Table of Contents
DEBT IN DEVELOPED ECONOMIES?
- If the economy grows faster then the debt will also increase.
- It is but natural for most of the developed economies.
- USA & Japan has a debt problem, too.
- Its debt to GDP ratio is 106% & 250% respectively.
- These are large numbers. But they are fairly accurate and well-known.
- Hence the investors invest accordingly looking at the Debt & GDP figure.
- That isn’t the case with China’s debt.

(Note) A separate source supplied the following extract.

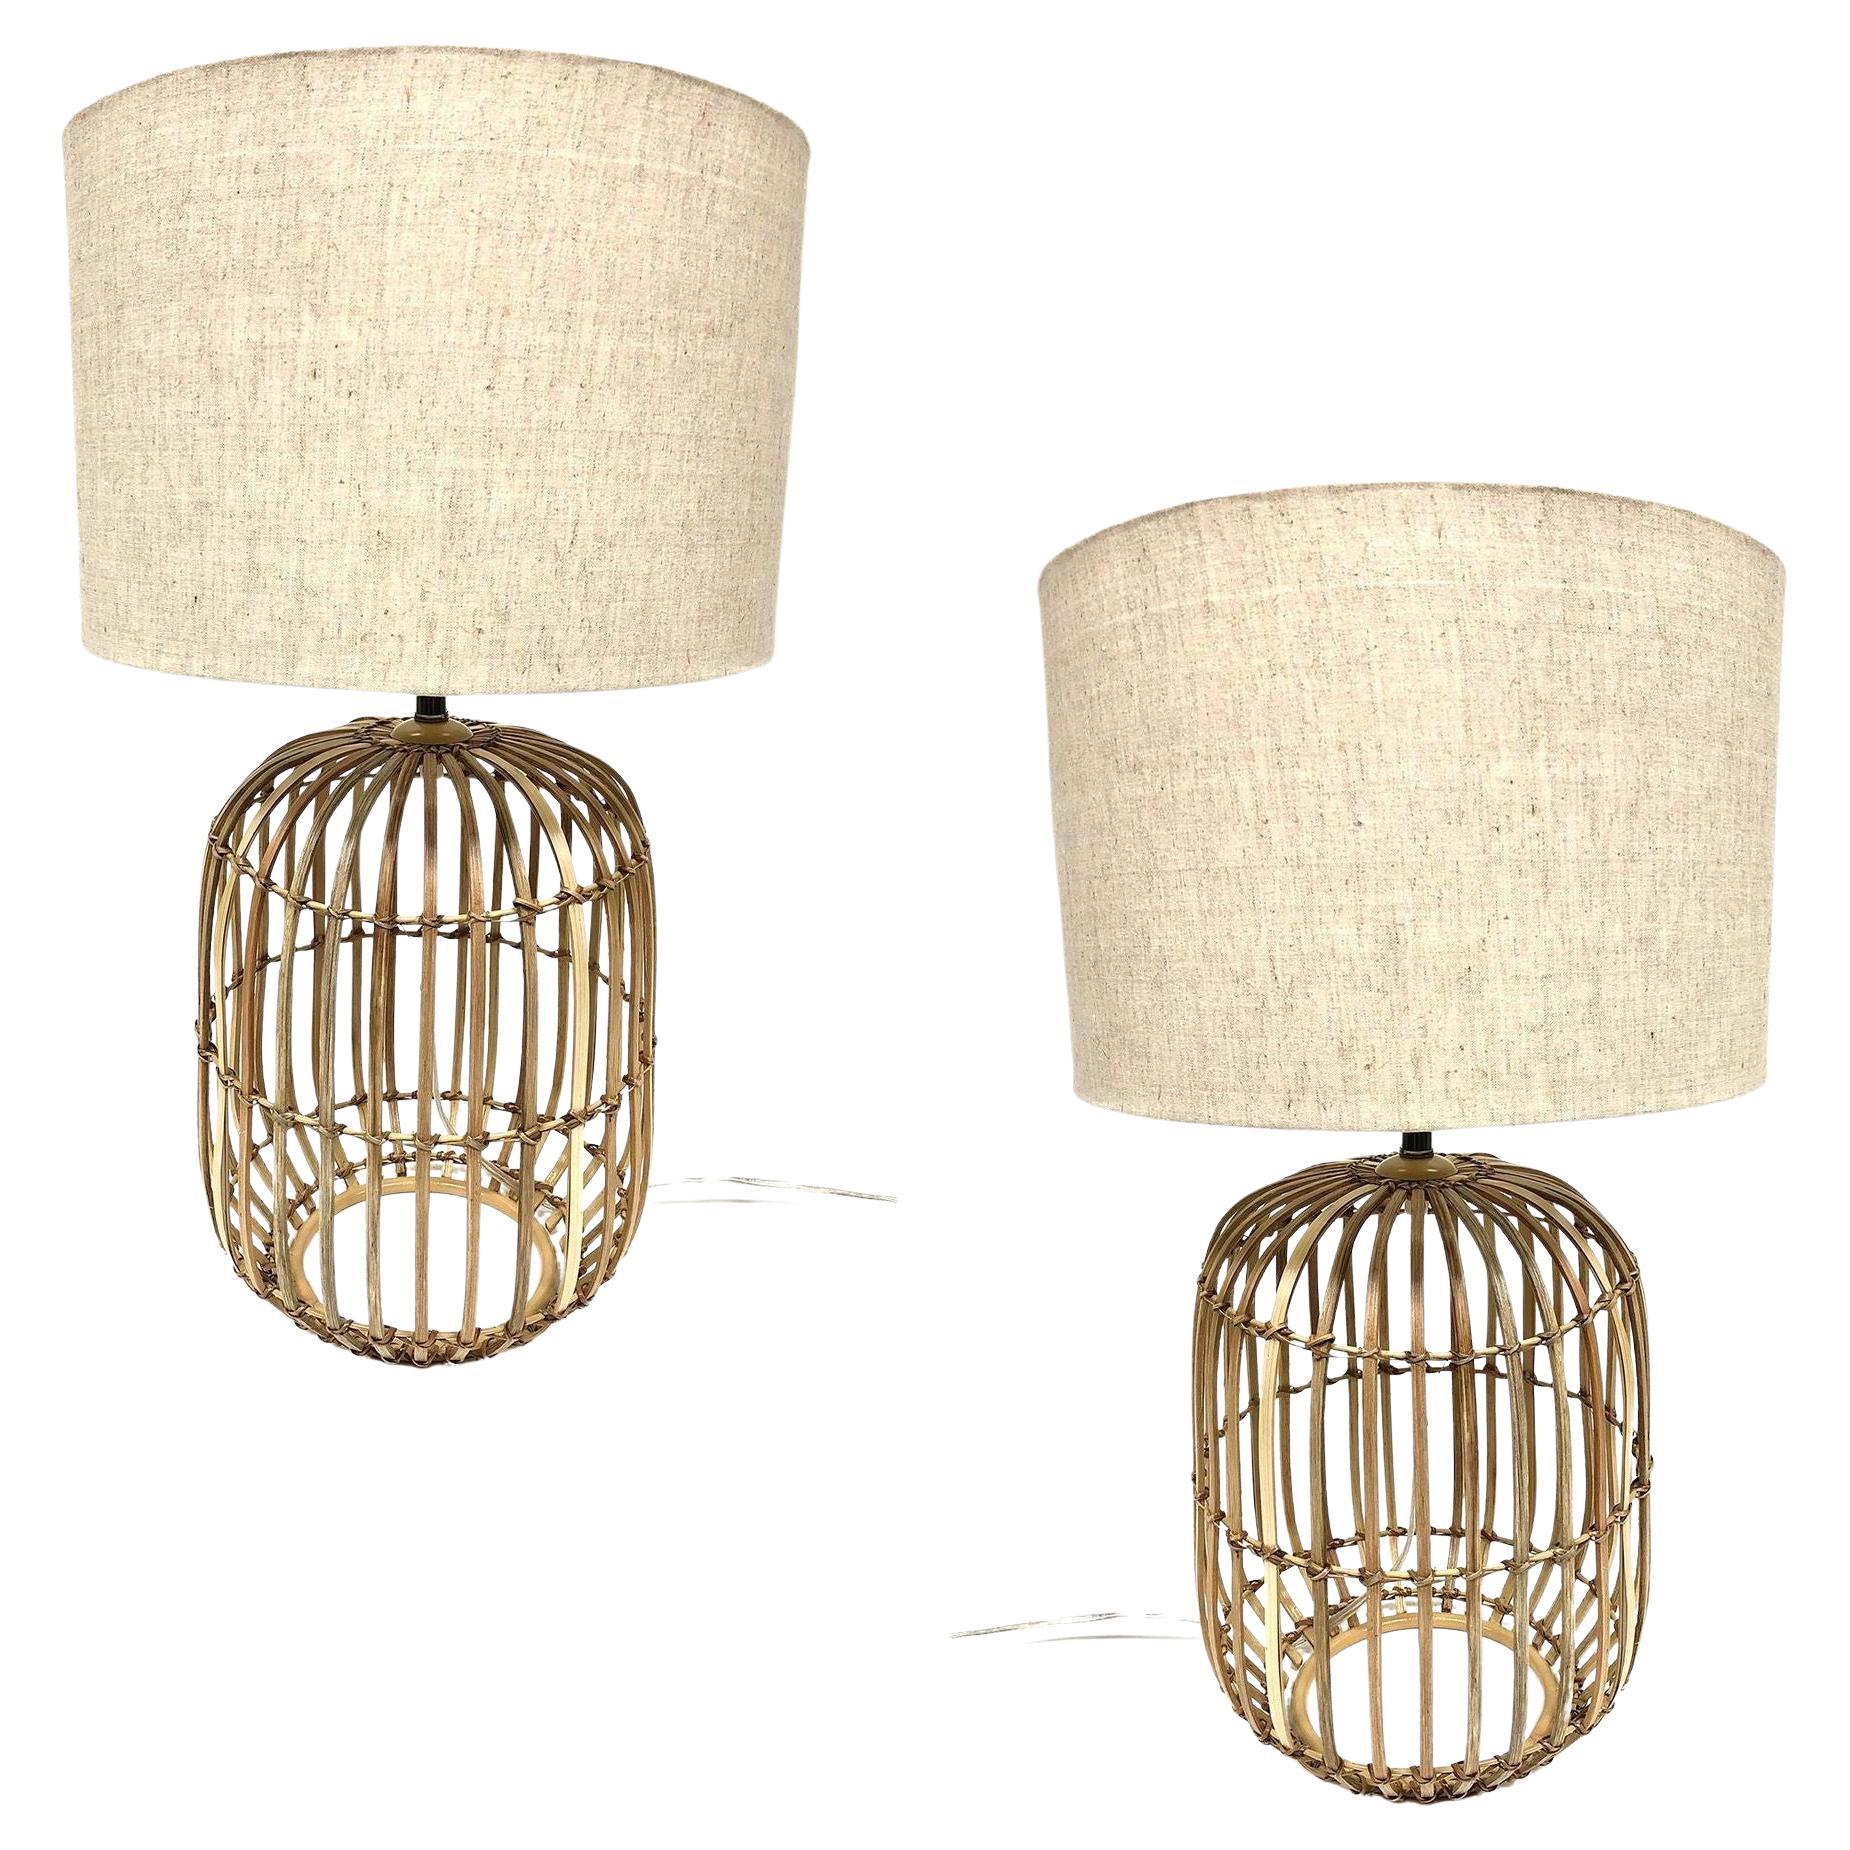 Split Rattan Basket Weave "Barrel" Table Lamp Pair, w/ Shades

Officially, it is a small number: 47.60%.
- Unofficially, it’s hard to figure it out.
- Reason: the government is both the lender and the borrower.
- One branch of the government lends money to another branch of government.
FOR EXAMPLE
- Government-owned banks, for instance, lend money to State Owned Enterprises and Town Village Enterprises.
- In India for example, SBI is lending huge amount to BHEL, SAIL in huge amount without much security.
WHAT THIS MEANS?
- It means the money borrowed by State Owned Enterprises from the Government-owned banks doesn’t show in the official figure of Public Debt of China.
- That’s why the official figure of China’s debt to GDP shows below 50%.
- And the unofficial figure is estimated at around 300%.
UNOFFICIAL ESTIMATES
- The Institute of International Finance, Inc. (IIF) is a global association of financial institutions.
- Created by 38 banks of leading industrialized countries in 1983 in response to the international debt crisis of the early 1980s.
SO WHAT IS THE PROBLEM?
- It creates bubble in the economy & the potential of a systemic collapse.
- Like the Greek crisis.
- In Greece, government-controlled, banks and pension funds & the creditors were government-owned enterprises.
- The situation could be more severe in China.
- The government simultaneously owns banks, pension funds, and common corporations.
- Banks also lend funds to land developers.
- They are behind the country’s “investment” bubble, one of the engines of the Chinese economy.
- But there’s one big difference:
- China is huge compared to Greece.
- So if there’s a financial crisis in China, the impact on the global economy will be huge, too.